Auch die anderen Sprachen kennen mehr oder weniger den Widerspruch sowohl zwischen der Wortform und dem Wortgehalt als auch zwischen der Wortgruppenform und dem Wortgruppengehalt. Überall, wo analytische Formen im grammatischen System des Verbs existieren, ist dieser Widerspruch da, und alle modernen indoeu­ropäischen Sprachen besitzen solche Formen, wenn auch in verschiede­nen Quantitäten. Aber auf dem Gebiete der Zusammensetzung und der Phraseologie ist das Bild nicht so einheitlich.

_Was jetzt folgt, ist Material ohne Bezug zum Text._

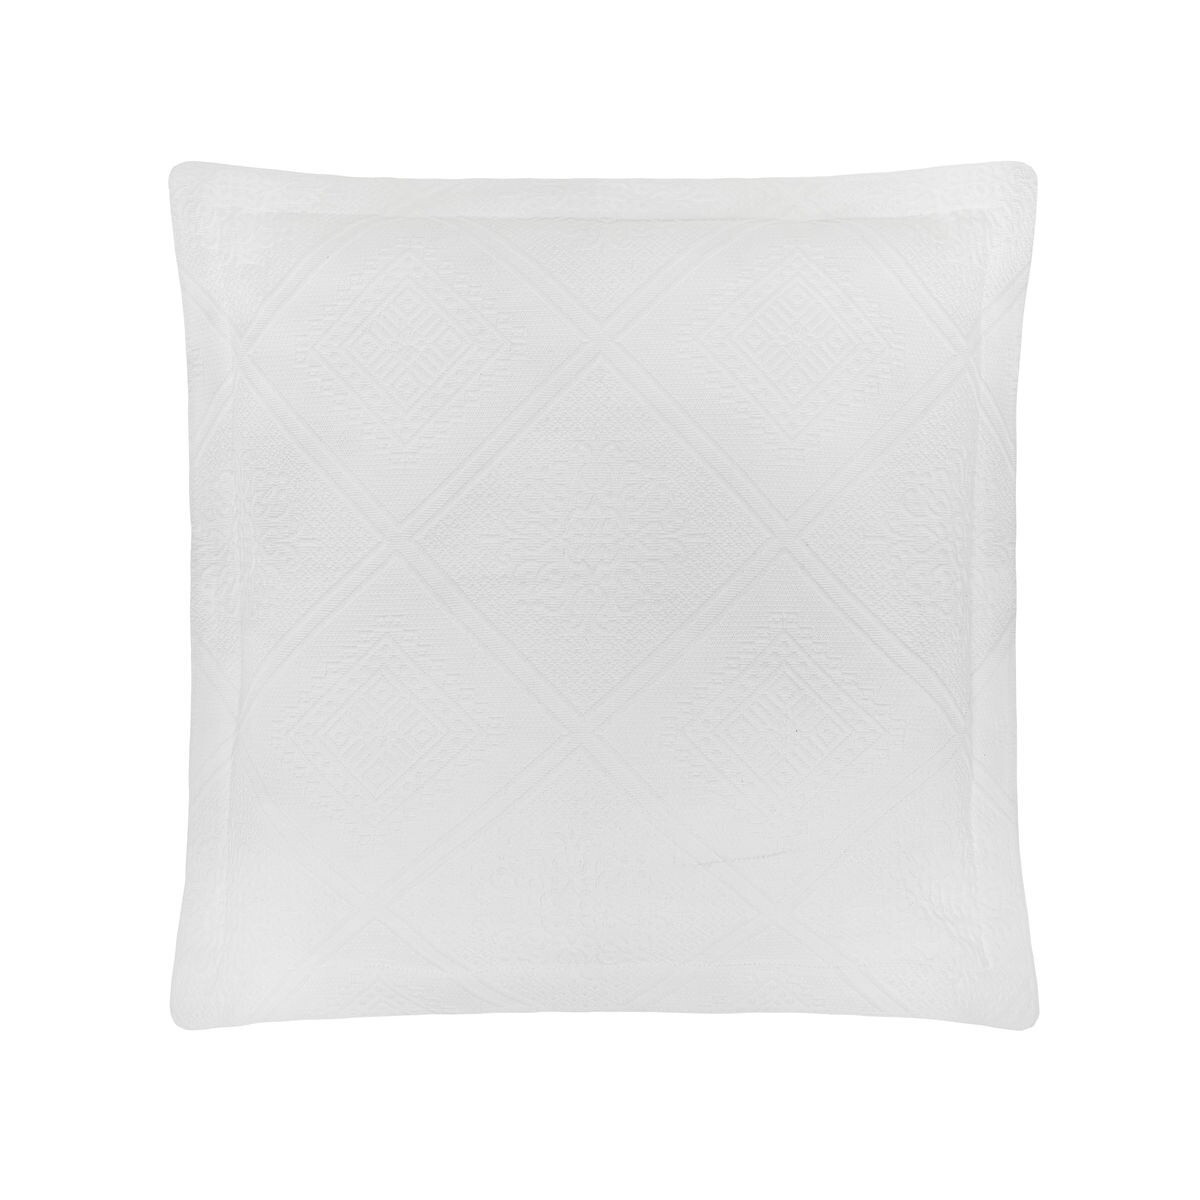 Жаккардовая хлопковая подушка Portofino. Coincasa, белый подушка подушка 50х50см coincasa белый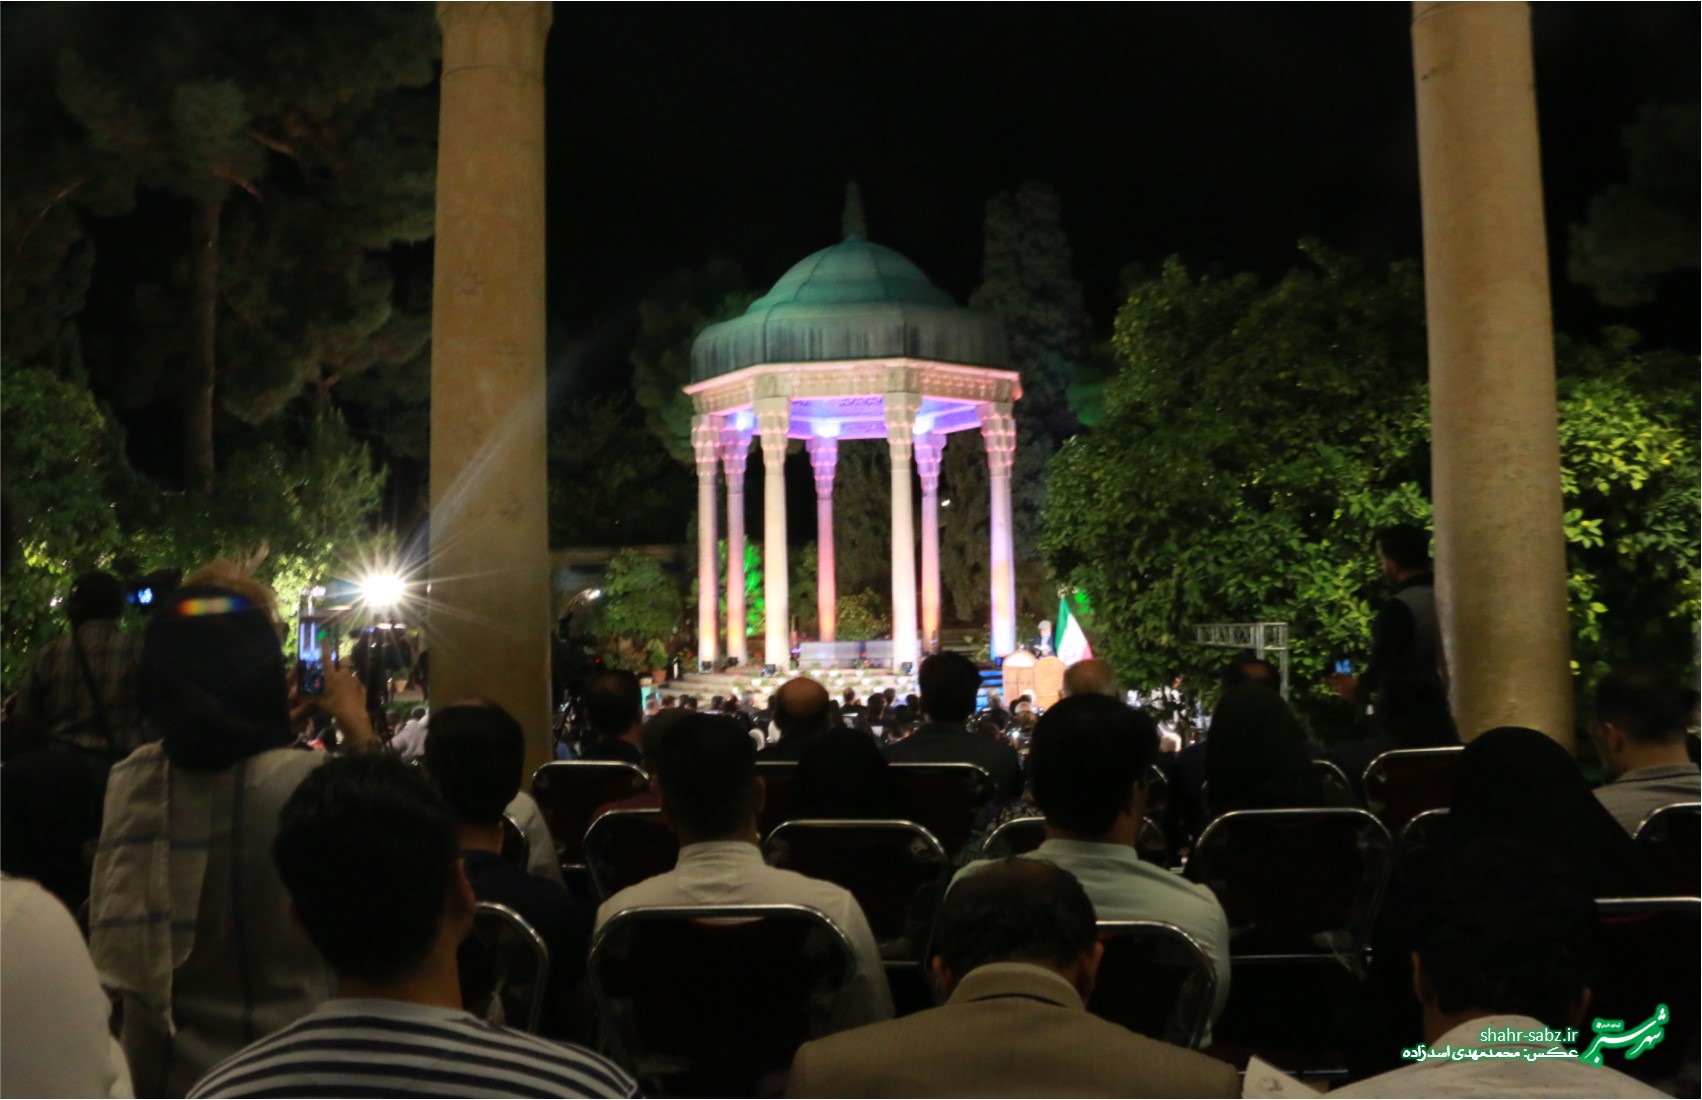 19-07-1397 آیین بزرگداشت یادروز حافظ در حافظیه شیراز - عکس از محمدمهدی اسدزاده

Für die russische Sprache ist die Zusammendrängung der Substantivgruppe zu einem Kompositum, ohne daß dabei die Bedeu­tungen der Komponenten zu einer einheitlichen Wortbedeutung zusam­menschmelzen, eine ziemlich eingeschränkte Erscheinung. Dagegen ist im Russischen die Verwertung von' phraseologischen Bildungen (Wortgruppen) zur Wiedergabe einer festen, bleibenden Bedeutung (einer «Wortbedeutung») sehr verbreitet: belyj medved' (Eisbär), zeleznaja doroga (Eisenbahn) (vgl. 23, 21—28). Und diese Tatsachen sind aufs engste mit dem allgemeinen Charakter des russischen Satzbaus verbunden, der zur freien Entfaltung der syntaktischen Komponenten neigt und formelles festes Zusammenschweißen dieser Komponenten nicht erfordert.

In der englischen Sprache ist die Lage wieder ganz anders. Die Zahl der widerspruchsvollen Konstruktionen, die einerseits zum Wort, anderseits zur Wortgruppe gehören, ist hier außerordentlich groß. Es sind Bildungen vom Typus stone wall ((steinerne Mauer)), speech sound ((Redelaut)). Man betrachtet sie bald als Zusammensetzungen, bald als Wortgruppen. Aber die allgemeine analytische Einstellung des Englischen macht es doch wahrscheinlicher, daß man es mit eigenarti­gen Wortgruppen zu tun hat, was auch durch das Fehlen einer stärkeren Betonung.auf dem ersten Glied bekräftigt wird.

Auch die zusammengesetzten Formen der Adjektive und Adverbien stehen zuweilen den syntaktischen Gebilden sehr nahe. Besonders oft kommen solche Formen seit Jahrhunderten in der Poesie vor: z. B. mit morgenroten Flügeln (Goethe), kinderrein (Mörike), windstillen Lebens (Lilienkron), weichwollig beflaumt (Goethe). Aber auch in der Prosa, nicht selten in der modernen Gebrauchssprache: z. B. bügelfeste Wäsche, handwarmes Badewasser, ausstellungsreife Fotos (vgl 294, 19—31). Sehr gebräuchlich sind die syntaktisch ausgerichteten zusammengesetzten attributiven Partizipien sowohl in der Poesie als auch in der Prosa: z. B. duftgelenkte Bienen, geräuschdämpfender Unterbau (vgl. § 57).